We have provided what the expected output in the test_files
directory to compare against.
To compare your bmp output with the provided ones, you can make use of the provided program compare_bmp.cc
.
Run the program with your output image and the appropriate example image to see how the images compare.
For example:
./compare_bmp my_blurred.bmp ./test_files/capybara_blur_20.bmp
will compare your output with the expected output of blurring capybara.bmp with bocksize equal to 20.

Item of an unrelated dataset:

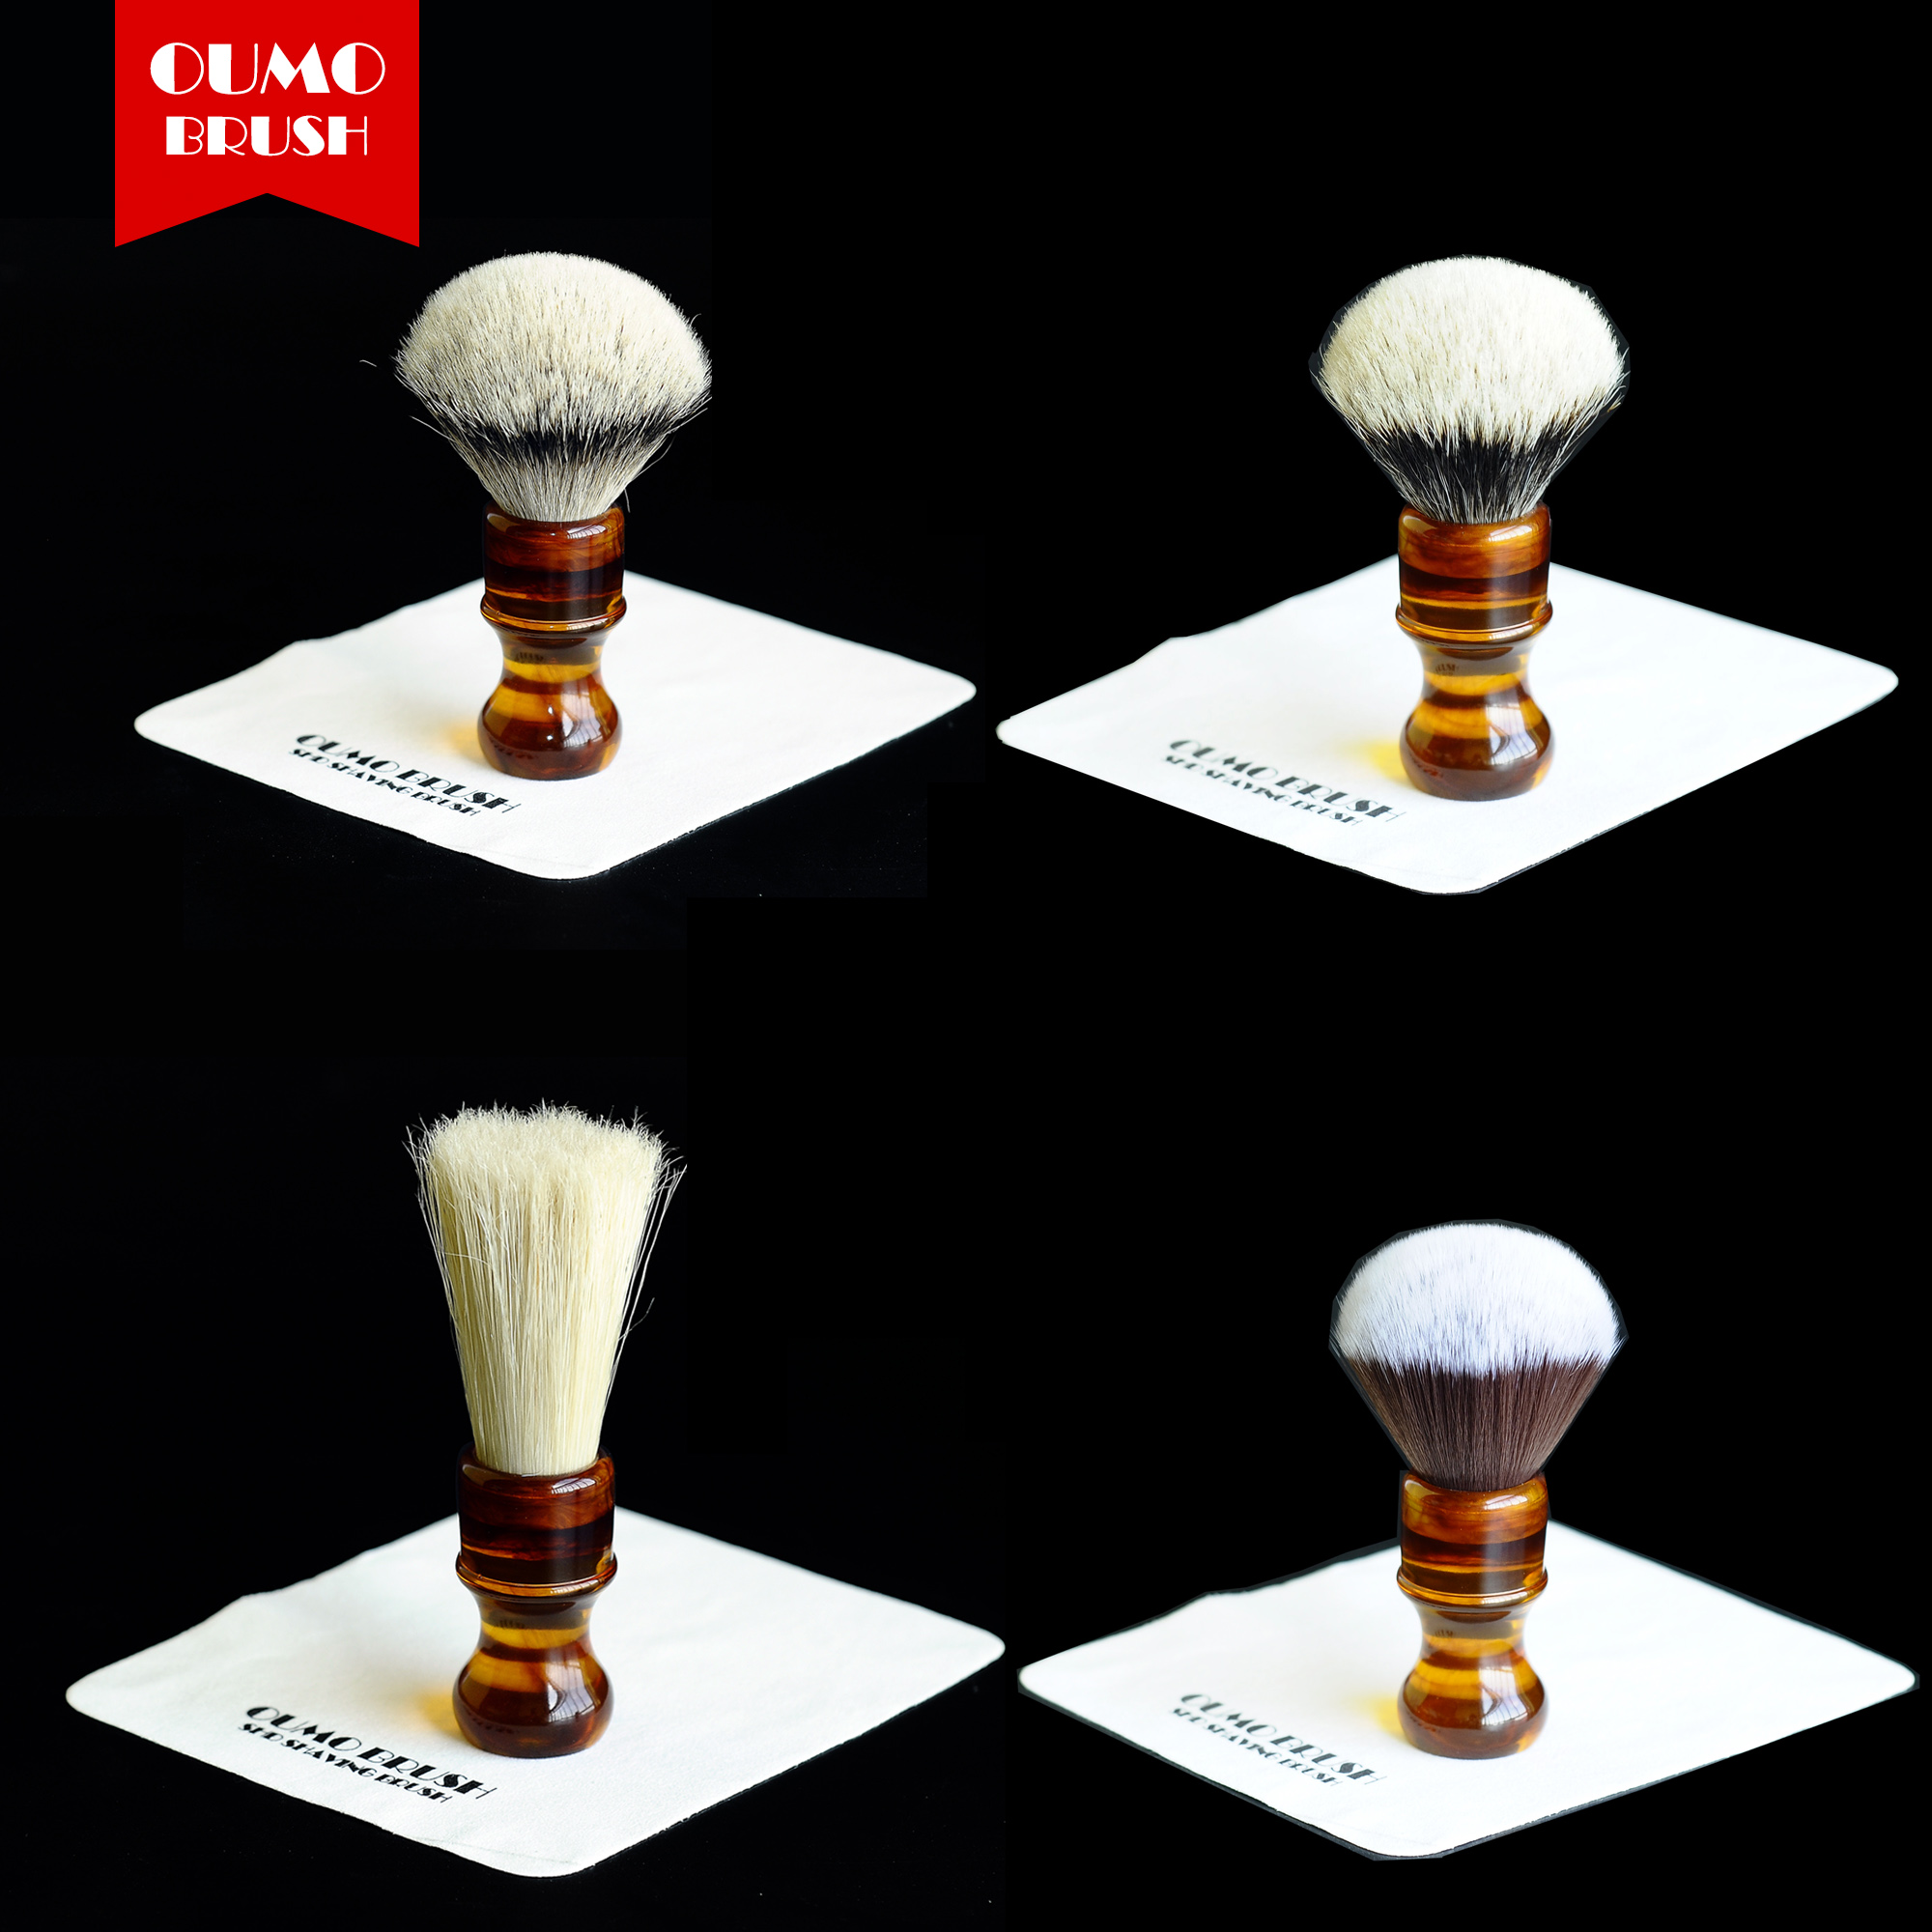 OUMO BRUSH amber resin handle shaving brushes with different shaving brush knots-in Shaving Brush from Beauty & Health

You should see Incorrect pixels is 0
in the output if your code output the correct image.
Submission:
Please submit your completed blur_sequential.cpp
, and blur_parallel.cpp
to Gradescope
Note: In addition to the autograder, we will be manually reviewing the submissions for this homework assignment to ensure that you are using threads and that you are using them as described in the write-up. Just because you get full points on the test suite does not mean that you will get full points after we review your submissions manually.
Note: It is expected to take a while for this to run.